Peg stress can come from reserve concerns, redemptions exceeding liquidity buffers, or market dislocations. Monitor issuer disclosures, redemption volumes, and secondary market prices across venues. If the price deviates beyond your policy band, halt non essential transfers until you complete a risk check. Several supervisors have published expectations about reserves, disclosures, and redemption practices. [2] [4] [5] [6] [7]

Counterparty and insolvency risk

Treat each issuer, exchange, and custodian as a counterparty with its own risk score. Limit exposures by venue and by legal entity. Confirm whether your balances are held in bankruptcy remote arrangements where available, and how customer assets are segregated on the balance sheet of the provider. International standard setters have addressed how banks should treat exposures to crypto assets for capital and risk management. [10]

Smart contract and bridge risk

Use only audited contract addresses and avoid forked or unlabeled contracts from unofficial sources. If you must use bridging, cap exposures and document emergency exit procedures. Prefer designs with transparent validator sets and robust monitoring.

Operational risk

Establish multi person approvals for sensitive actions, including adding payout addresses and changing withdrawal limits. Separate duties so the person who prepares a transaction is not the one who approves it. Train teams to verify human readable names against addresses and to detect phishing.

Compliance and sanctions risk

Use analytics and screening appropriate for your jurisdiction. Maintain procedures for handling law enforcement inquiries and legal holds. Align with widely used international standards on due diligence for virtual asset service providers and the travel rule. [3]

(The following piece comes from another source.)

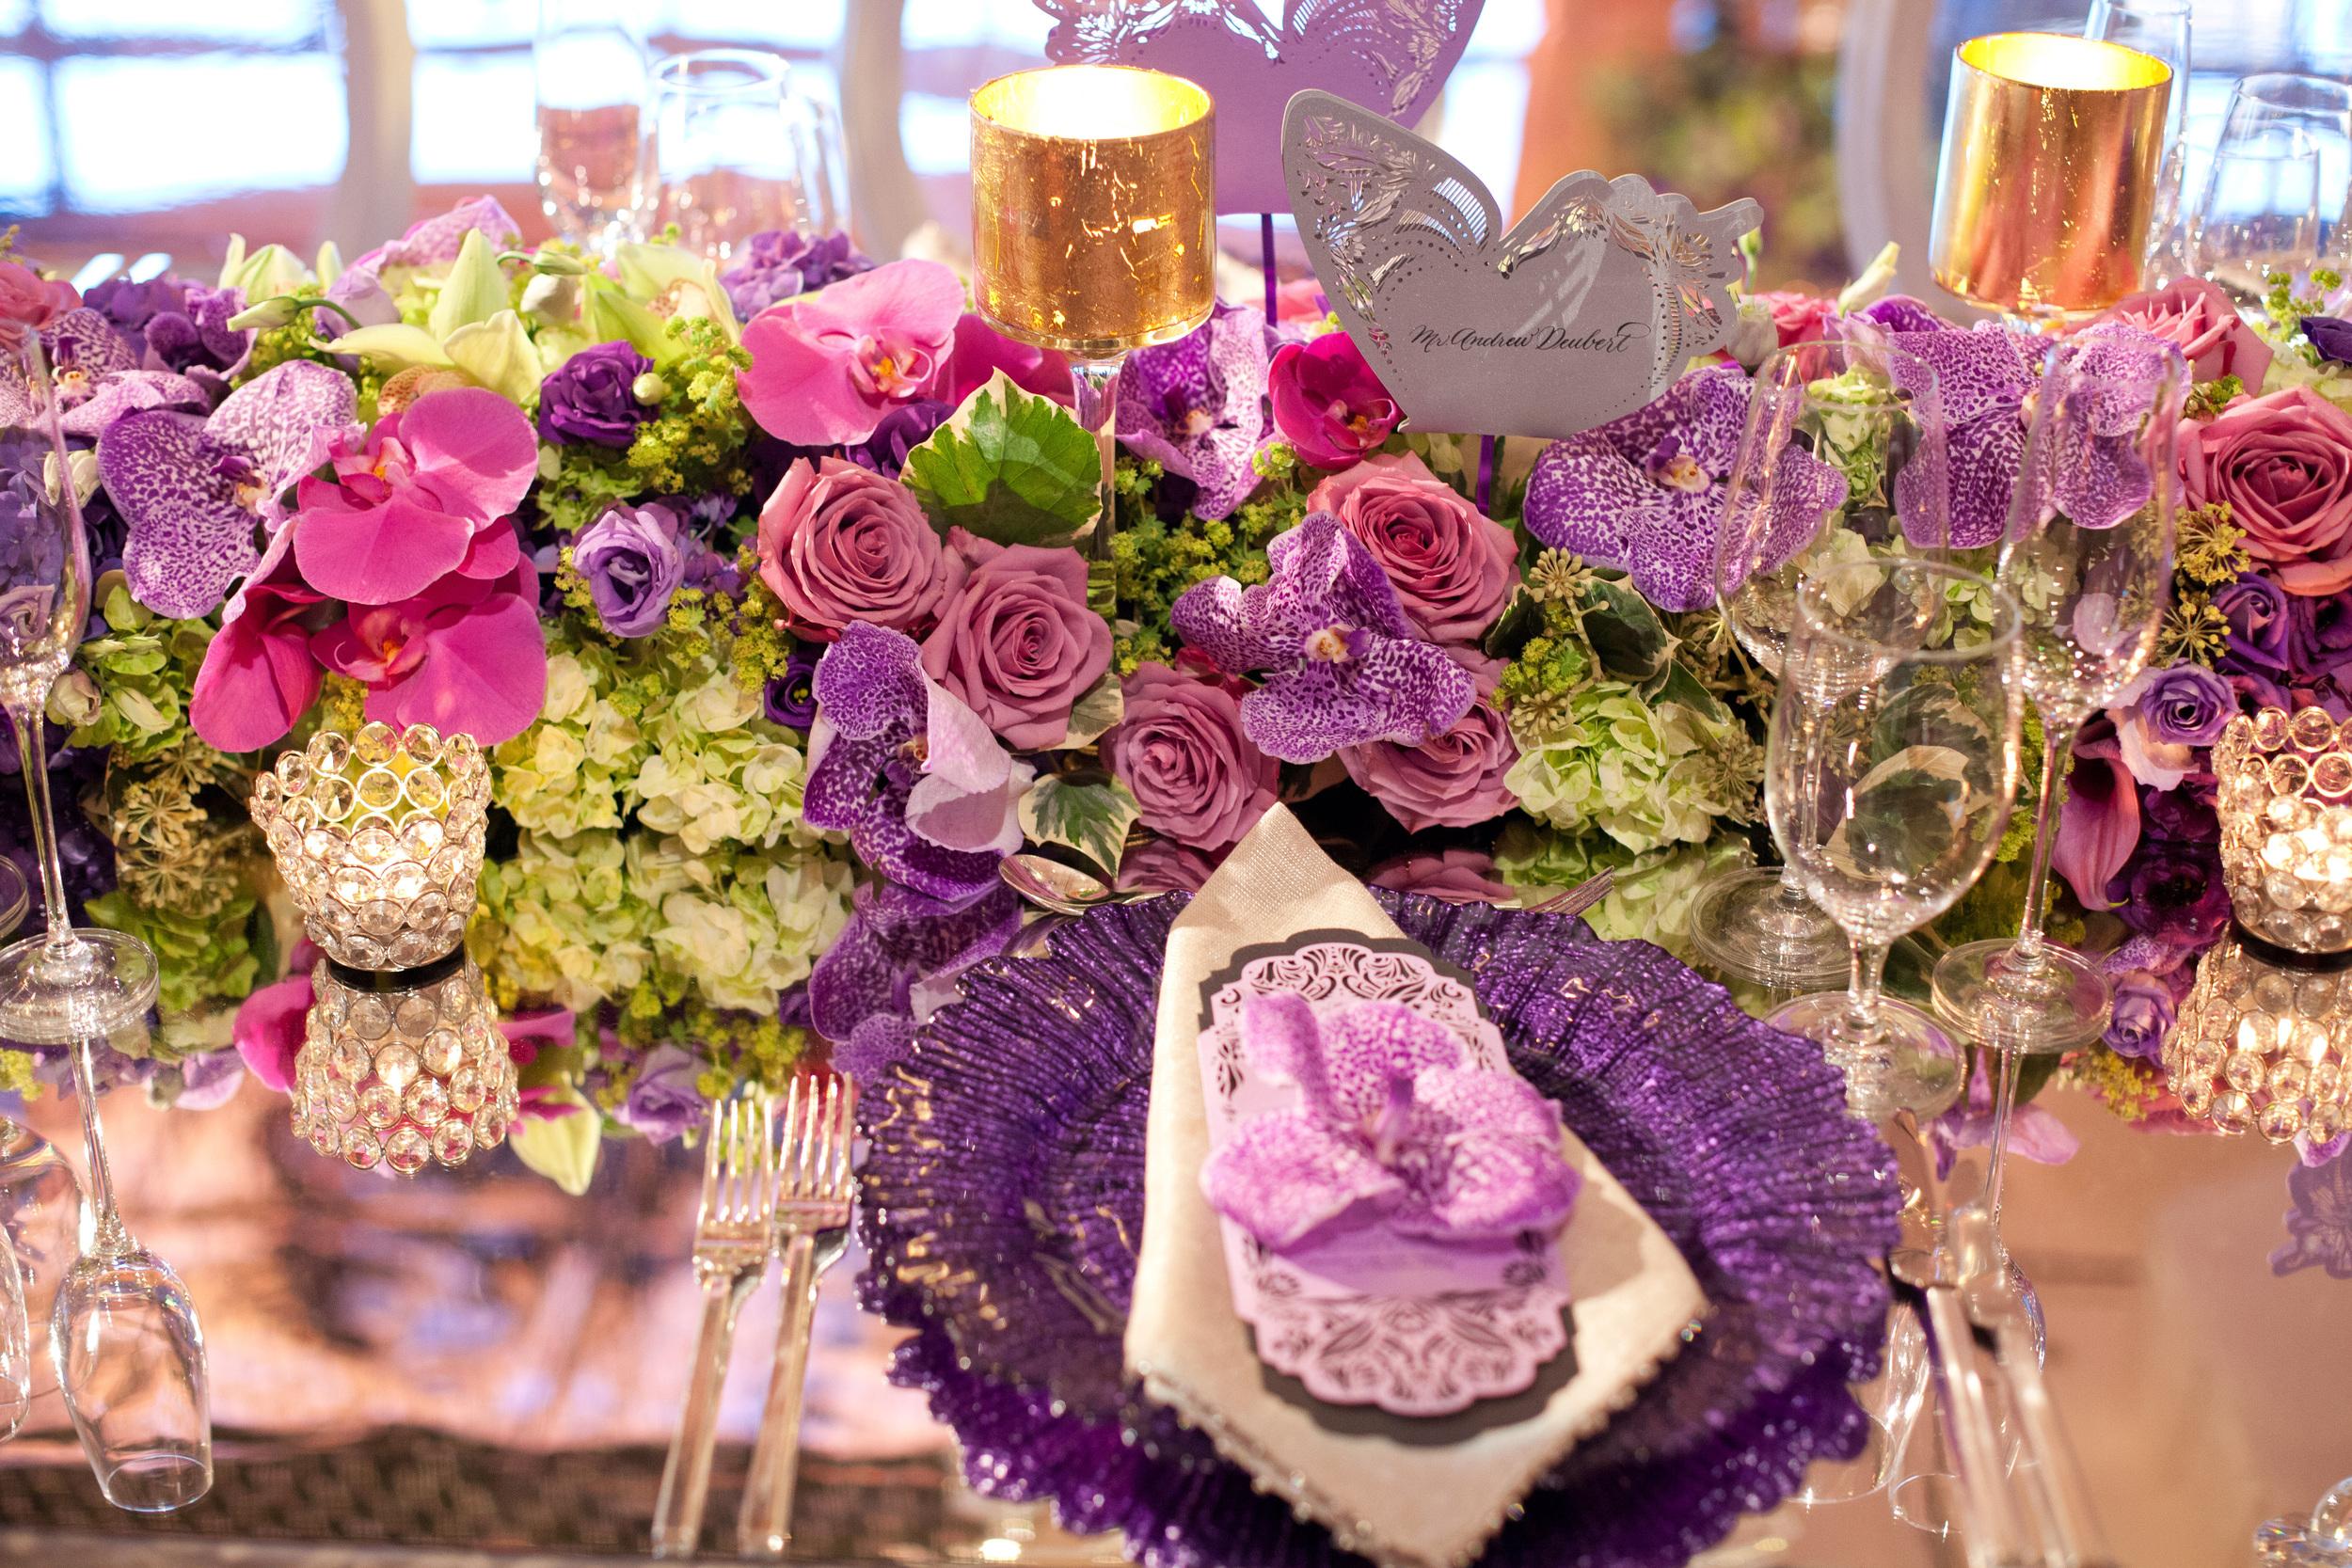 mandarin_oriental_new_york_city_branding_inspiration_lavender_silver_wedding_floral_purple_v284_29.jpg

Global policy and compliance landscape

Your strategy will operate within laws and supervisory expectations that differ by region. This section is a high level map with references to primary sources.

United States

Federal agencies have highlighted risks around operational resilience, conflicts of interest, and the need for consistent prudential standards for stablecoin issuers and service providers. The Financial Stability Oversight Council documented areas where existing rules apply and where gaps might exist. [6] State regulators, such as the New York Department of Financial Services, have issued guidance on reserves, redemption, and disclosures for dollar backed tokens. [4]

European Union

The Markets in Crypto Assets Regulation created categories for asset referenced tokens and electronic money tokens, with obligations for authorization, reserves, and disclosures. This framework will shape how firms issue and use USD1 stablecoins that serve customers in the bloc. [5]

Asia Pacific

Singapore established a single currency stablecoin framework covering reserve quality, redemption, and transparency, with a focus on consumer protection and financial stability. [7] Other jurisdictions in the region are adopting or consulting on similar regimes.

International bodies

The Financial Stability Board published high level recommendations for the regulation, supervision, and oversight of global stablecoin arrangements, including clarity on responsibilities and governance. [2] The Financial Action Task Force maintains guidance and mutual evaluations that shape compliance obligations for service providers handling USD1 stablecoins. [3] The Committee on Payments and Market Infrastructures and the International Organization of Securities Commissions finalized guidance applying principles for financial market infrastructures to stablecoin arrangements. [8]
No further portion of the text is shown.